THE "NOT SO FLOATING" FLOATING RATE LOANS

I am writing about an issue that a large number of people who have borrowed from various banks over the last few years are facing today. This is also borne out by my own experience. Back in the years 2004-2006 when liquidity was ample most private sector and foreign banks lured investors into borrowing from them by offering very low housing loan rates ( as low as 7%) under the guise of floating rate loans. This was also the phenomenon in other segments of consumer loans. The meaning of floating rate loans as I understand is that it has to follow the cycle of interest rate cuts and increases by the central bank (maybe with a lag).
However consumers have been taken for a big ride in this regard by a vast majority of banks with regards to (apparently) floating loans. At the time of sanction and disbursal of these loans most consumers (including me) believed that interest rate cycles will be properly followed in resetting these loans. When the Indian economy was doing very well and there was a global boom in order to control excesses and keep inflationary expectations under control RBI continuously tightened its policy till the third quarter of 2008.As it turns out most banks kept on increasing their PLR’s (Prime Lending Rates) when RBI increased its overnight REPO rates and CRR (Cash Reserve Ratio). However they have been extremely slow in reducing the same when the RBI has cut the REPO rate by 4.25 percent over the last 8 months and has also reduced CRR by nearly 5%. RBI’s measures have pumped in nearly Rs 3,00,000 crores into the Indian economy.
Even as this has been done most of the banks have been following a policy where they have been announcing lower rates for new customers but not for older ones who have been with them for several years.
This brings into question the BPLR (Below Prime Lending Rates) of the banks which has also been raised in the latest policy review by the RBI. This effectively gives the banks the leeway of doing whatever they want with their customers. There is simply no transparency in the way loans are priced and repriced.
I will explain this through my experience. I have taken two housing loans from a prominent MNC bank.
These were taken in the years 2005 and 2006. I had taken the first loan when the Retail Lending Rate (RLR) of this bank was 9.5% and at that time this bank offered to give me the loan at 225 basis points i.e. 2.25 percent below this Retail Lending Rate.

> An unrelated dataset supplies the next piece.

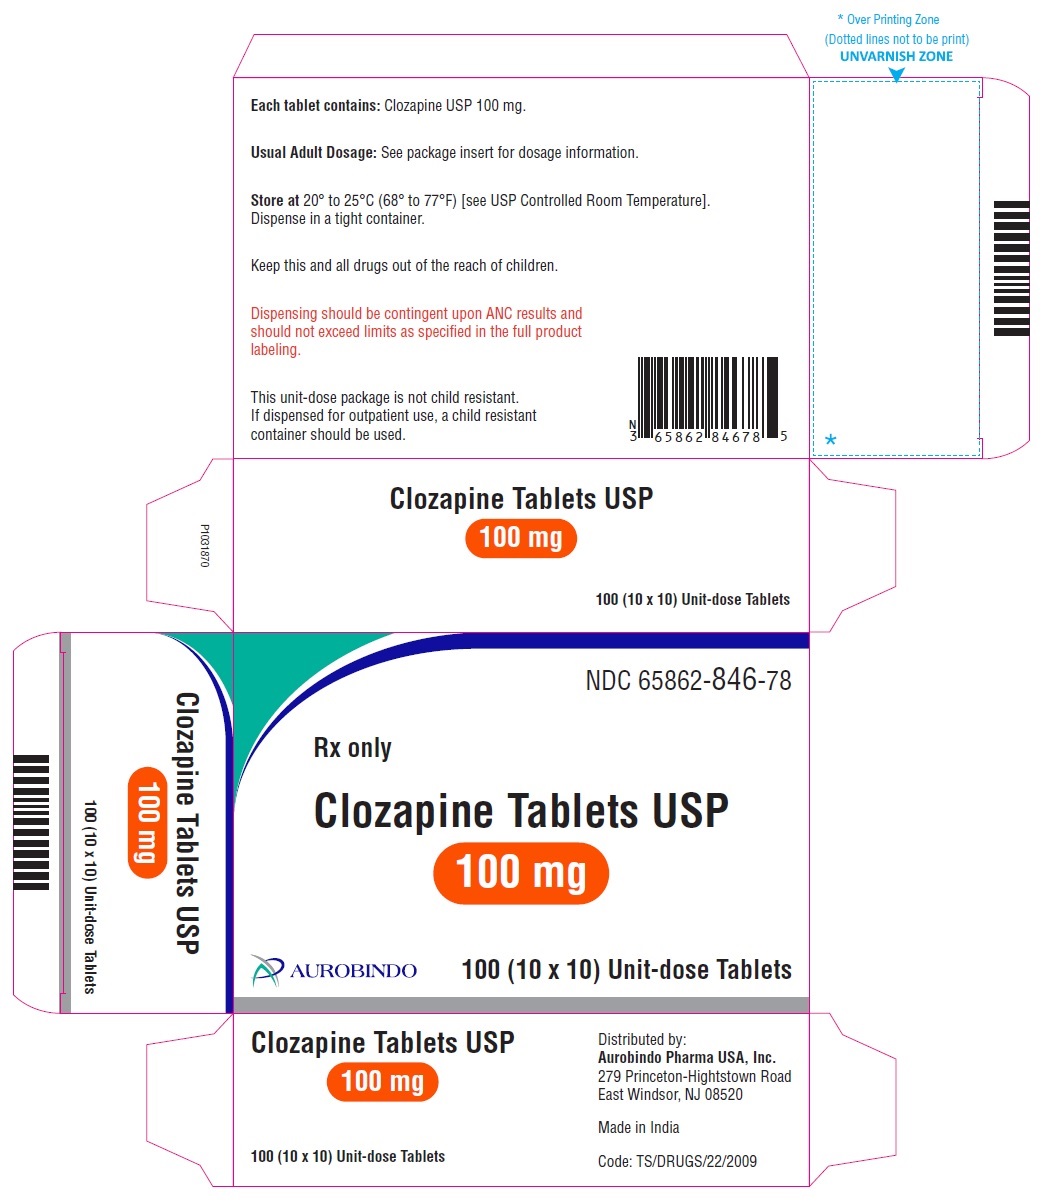 PACKAGE LABEL-PRINCIPAL DISPLAY PANEL - 100 mg Blister Carton 100 (10 x 10) Unit-dose Tablets

So effectively I got the loan at 7.25%. At that time most fixed housing loans were available at rates between 8.25-9%. The rate remained at 7.25% for some time, however as soon as the RBI started to increase its policy rates and CRR the Retail Lending Rate of this bank started to shoot up and it increased to 15% by the middle of 2008. This increased the effective rate that I was paying on my housing loan to 12.75%.
I took a second loan from the same bank in the year 2006 where I shifted a loan that I had from HDFC to this bank. At this time I was offered a discount of 1.5% over the Retail Lending Rate and my effective interest was in the region of 8%. Fixed rate loans were available at that time between 9-9.5%. This interest rate on this loan shot upto 13.5% by the middle of 2008.

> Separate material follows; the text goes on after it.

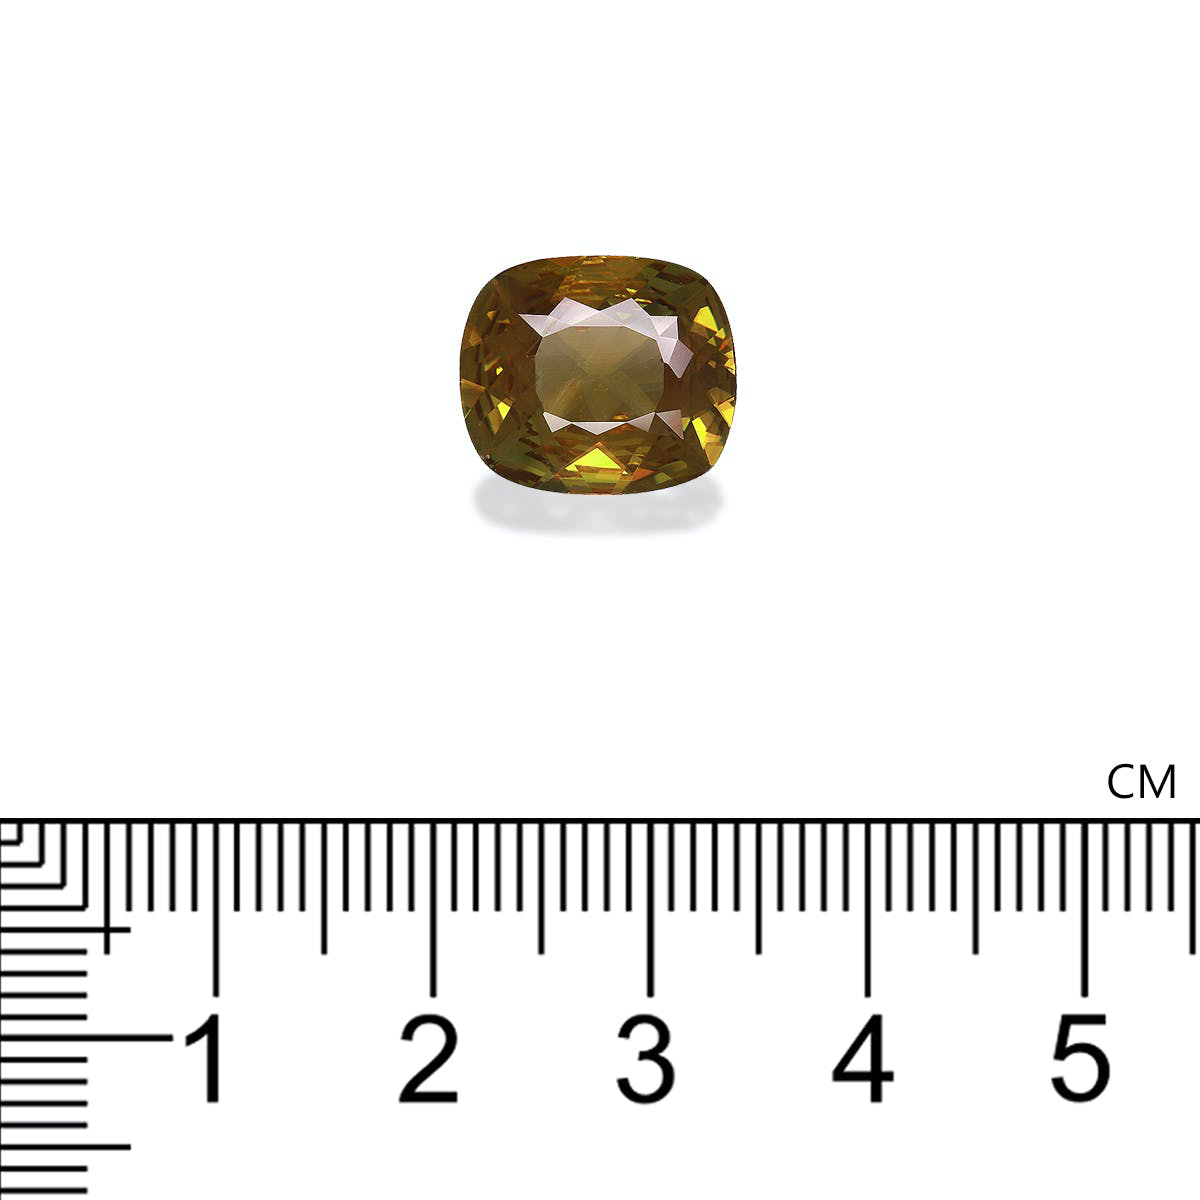 Picture of Forest Green Sphene 5.76ct - 13x11mm (SH0470)

And lo behold, as RBI started cutting rates in the second half of 2008 we were very happy (me and my wife) than now finally rates will start coming down. However to our astonishment there was no action from this bank till one week back. Even with RBI’s policy rates coming down to multi year lows, liquidity in the system shooting up, deposit rates coming down etc. etc. the RLR remained at a stubborn 15%. In the meantime most banks started announcing lower rates on loans for new customers but not for older existing one. Institutions like HDFC reduced rates to between 9-10%, SBI came out with a 8% loan scheme and several other PSU banks followed. However it seemed to have no impact on a vast majority of Foreign and Private sector banks. I even wrote a letter to this bank to which they replied that they were looking into the matter and would soon reduce rates. Finally they have reduced rates by just 0.5% last week.
Today this same bank, while keeping its PLR high give loans to new consumers at a greater discount to its RLR while keeping interest rates high for older customers.
I think this brings into question the very relevance of floating rates. This actually means that in a country like India, with the way most of these banks behave it is better to have a fixed rate rather than a floating rate, specially for consumer loans. I believe that this is nothing but taking customers for a ride as there seems to be no accountability on this front. As such I strongly believe that the proposal of RBI to bring more transparency into the lending practices of banks is a welcome move.
Also most people who are suffering because of these actions of banks should not take it lying down and question their banks as the floating rate provisions might be followed in letter but not in spirit. I believe that it is high time that some authority is appointed by either the Ministry of Consumer Affairs or the RBI to take care of interest of borrowers who are straddled with the so called “Floating but actually Non Floating Loans”.